27th Assistant Secretary of State for International Organization Affairs
- In office March 29, 2018 – November 29, 2019
- President: Donald Trump
- Preceded by: Bathsheba Nell Crocker
- Succeeded by: Michele J. Sison

15th United States Ambassador to the United Nations International Organizations in Geneva
- In office October 1, 2001 – April 30, 2006
- President: George W. Bush
- Preceded by: George Moose
- Succeeded by: Warren W. Tichenor

United States Deputy Secretary of Health and Human Services
- In office 1992–1993
- President: George H. W. Bush
- Preceded by: Constance Horner
- Succeeded by: Walter Broadnax

Assistant Secretary of Health and Human Services (Management and Budget)
- In office 1989–1992
- President: George H.W. Bush

Military service
- Allegiance: United States
- Branch/service: United States Marine Corps
- Years of service: 1965–1971
- Rank: Sergeant
- Awards: Purple Heart Navy Commendation Medal

= Kevin Moley =

American businessman and government official

Kevin Edward Moley is an American businessman and government official.

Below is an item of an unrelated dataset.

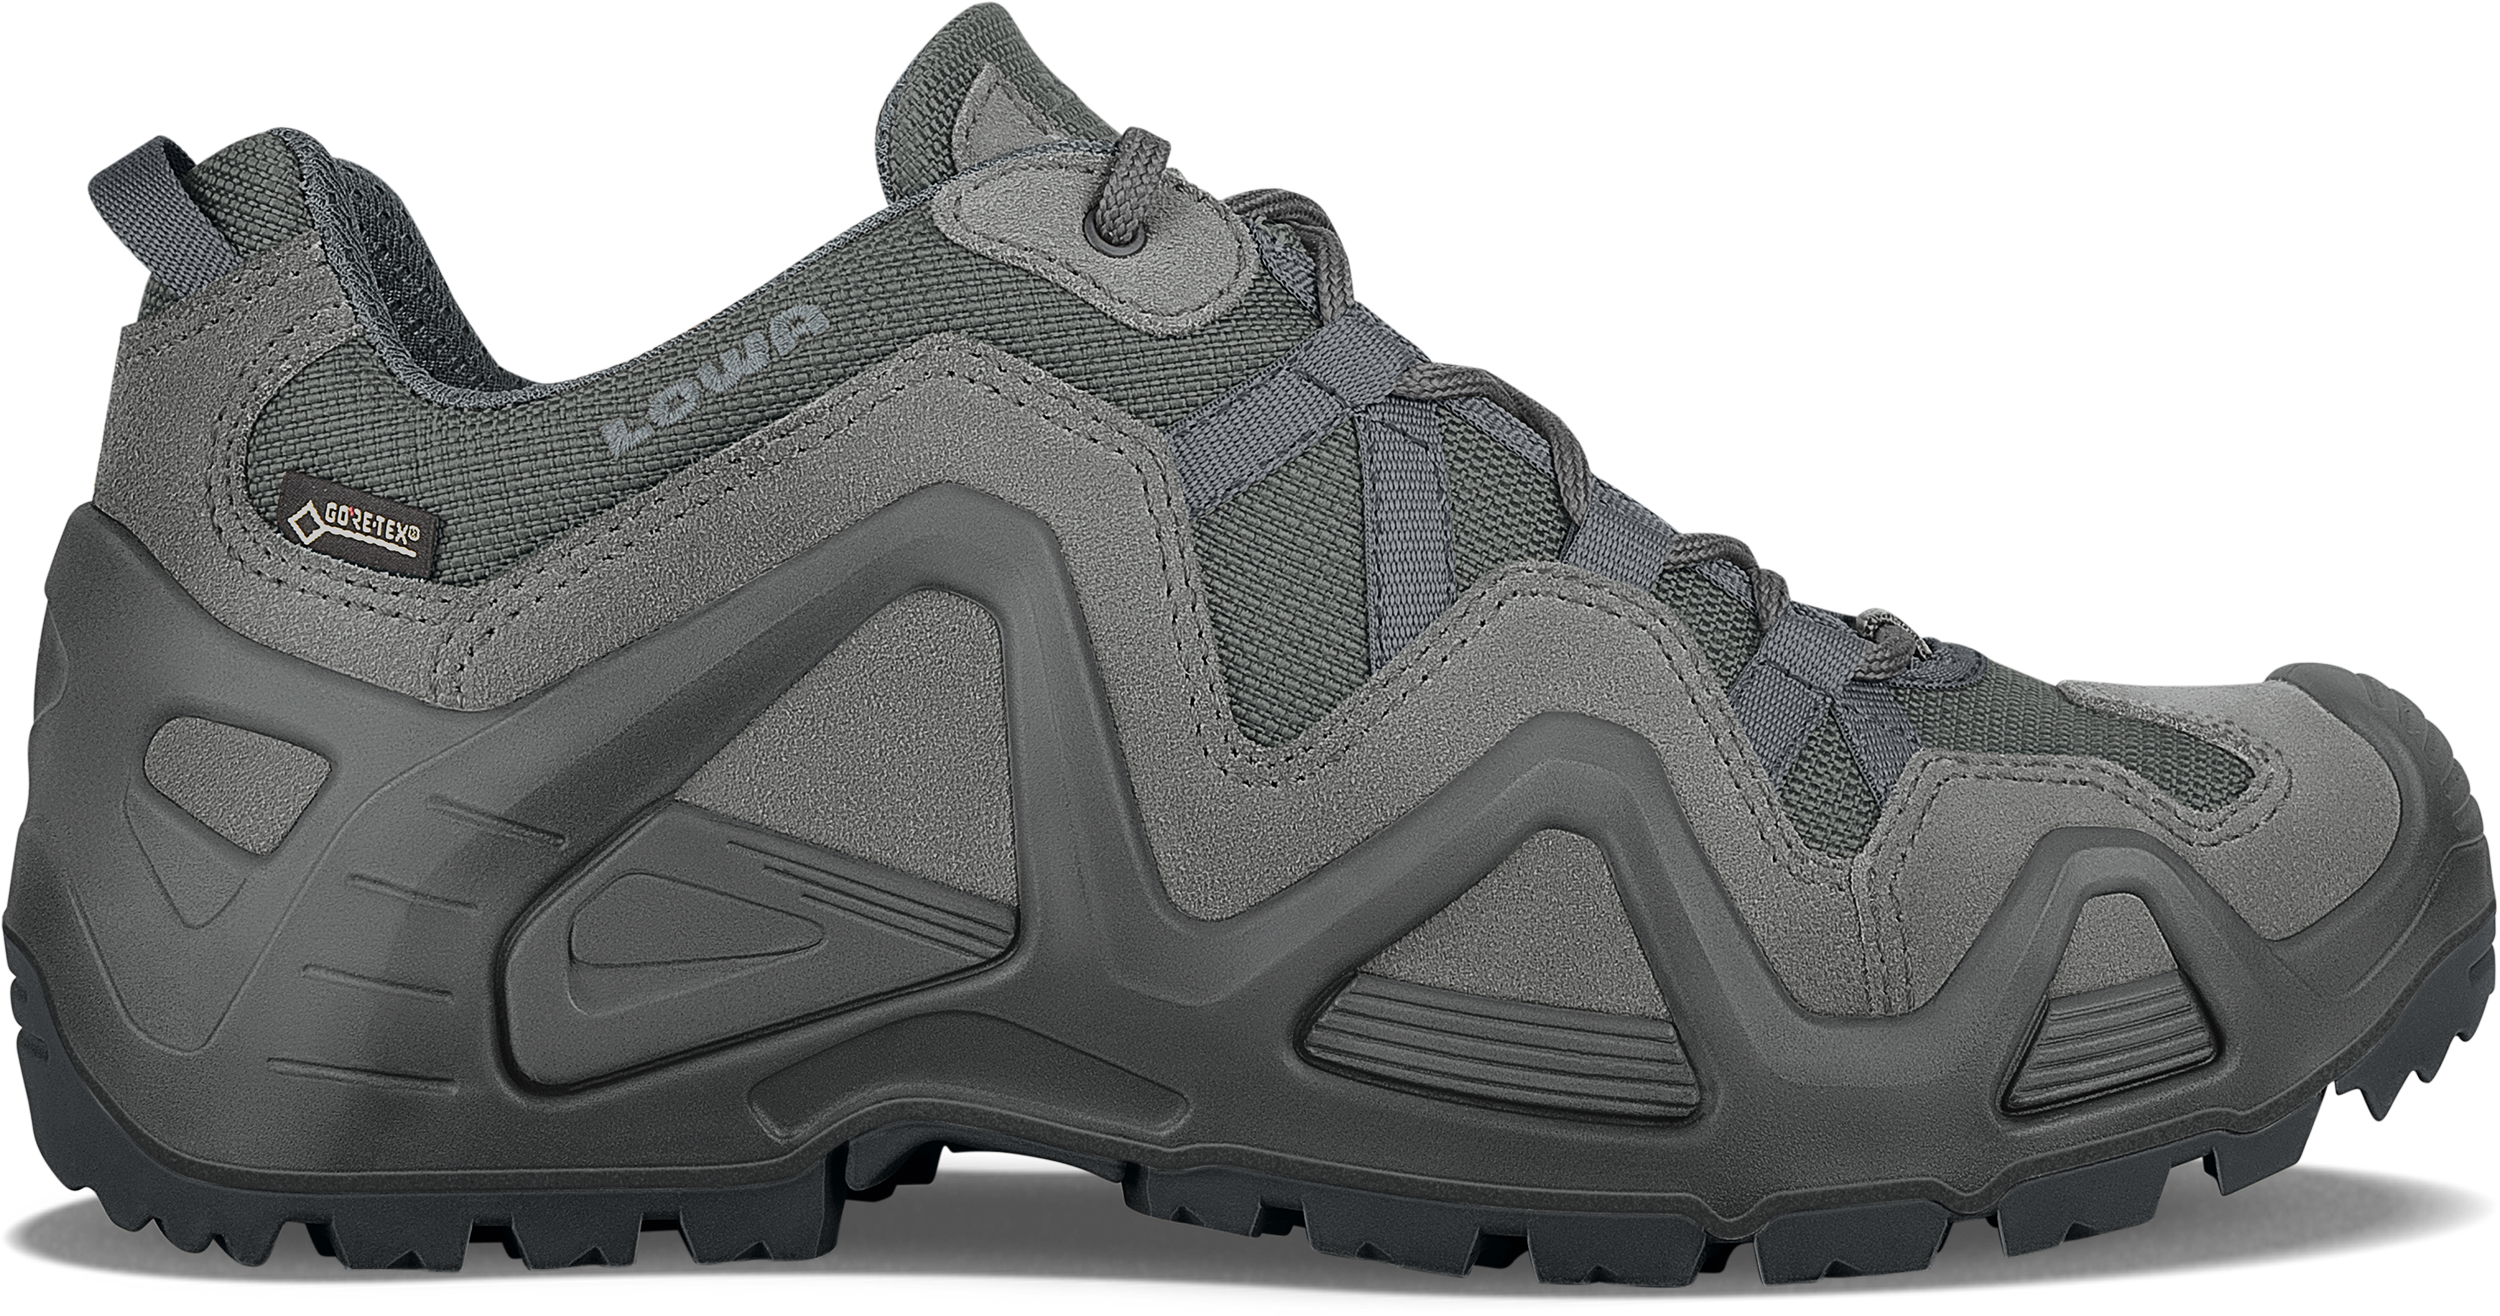 Taalkunde gewoon Peuter ZEPHYR GTX LO TF: TASK FORCE: CLOSE-QUARTERS COMBAT Shoes for Men | LOWA DK
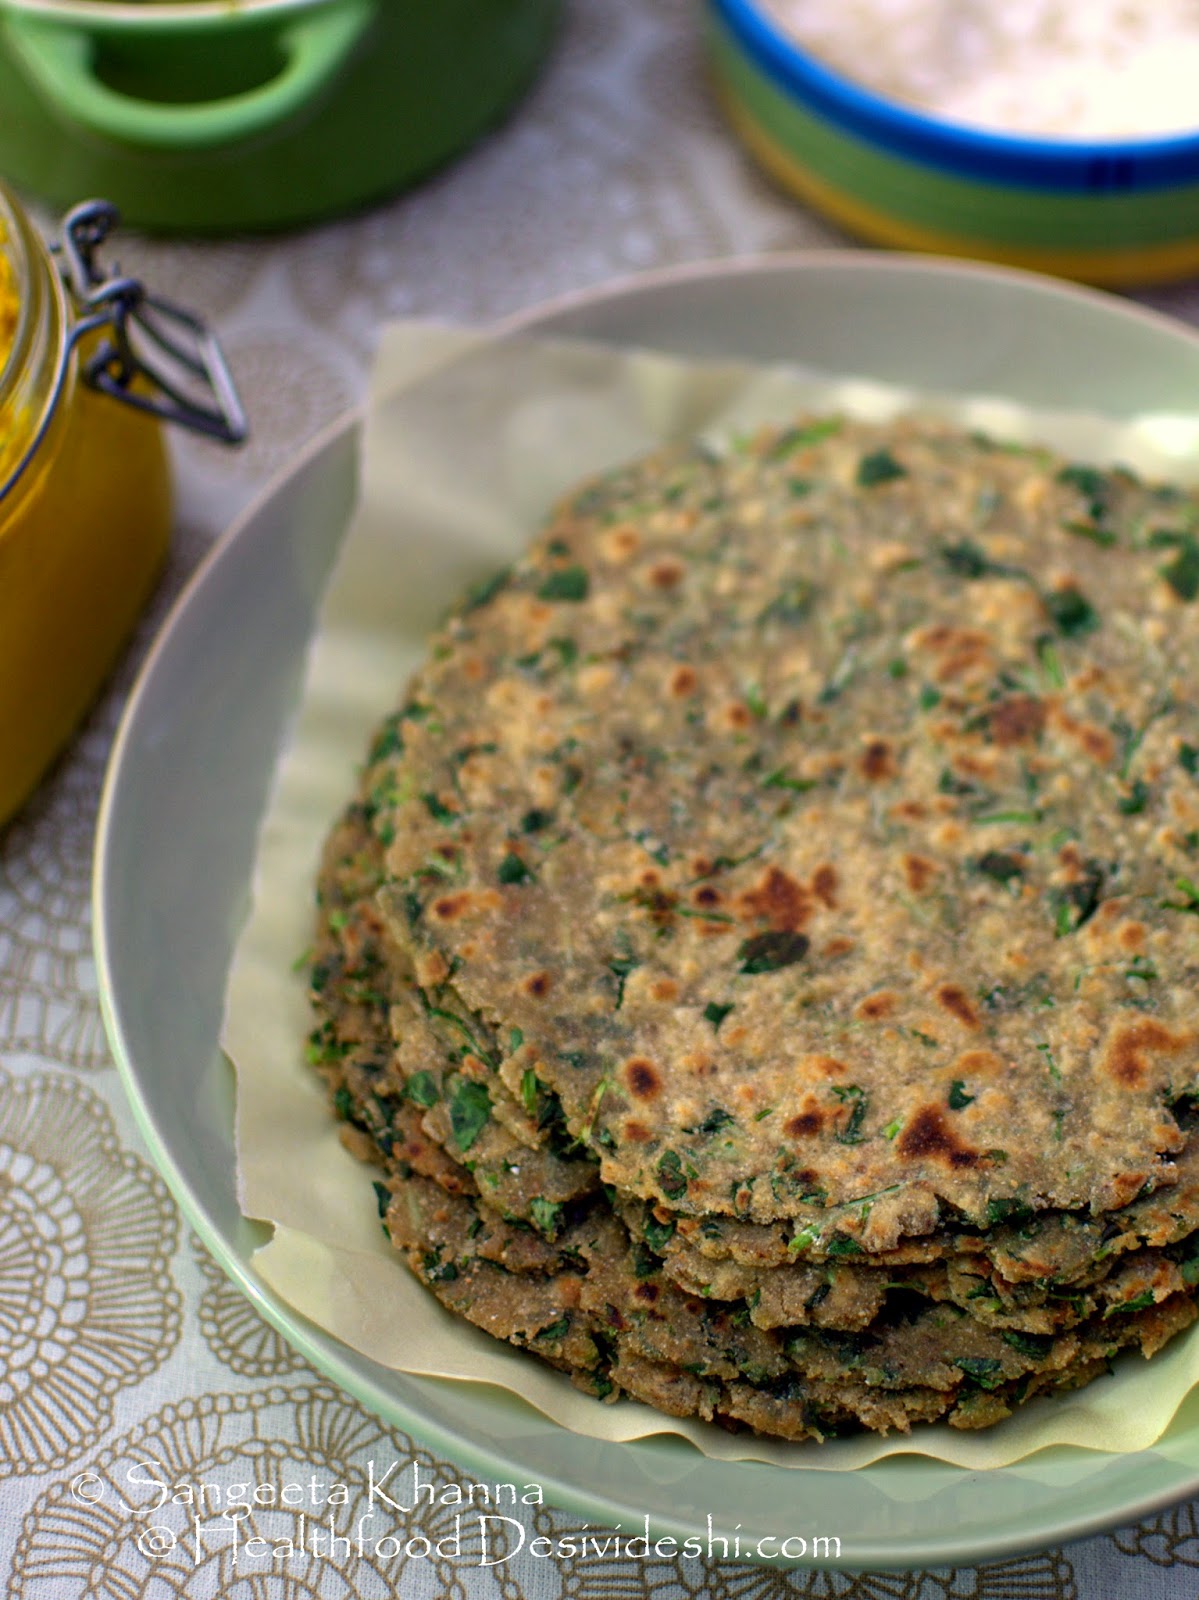 101 alternative flours : jowar methi paratha | flat bread made with sorghum flour and fenugreek leaves | how to cook millet flours

He served in several government positions, including Deputy Secretary of Health and Human Services from 1992 to 1993 and Assistant Secretary of State for International Organization Affairs from 2018 to 2019.

== Career ==
Moley is the former Ambassador to the U.S. Mission to the United Nations in Geneva. He also served in other government positions, including in the U.S. Department of Health and Human Services and Health Care Financing Administration, worked in several Republican political campaigns, and in the private sector. Moley also served in the United States Marine Corps from 1965 to 1971, rising to the rank of sergeant and receiving a Purple Heart and a Navy Commendation Medal.

=== Assistant Secretary of State ===
The United States Senate confirmed Moley to the post of Assistant Secretary of State for International Organization Affairs on March 22, 2018, by voice vote, and he assumed office on March 29, 2018. He succeeded Bathsheba N. Crocker.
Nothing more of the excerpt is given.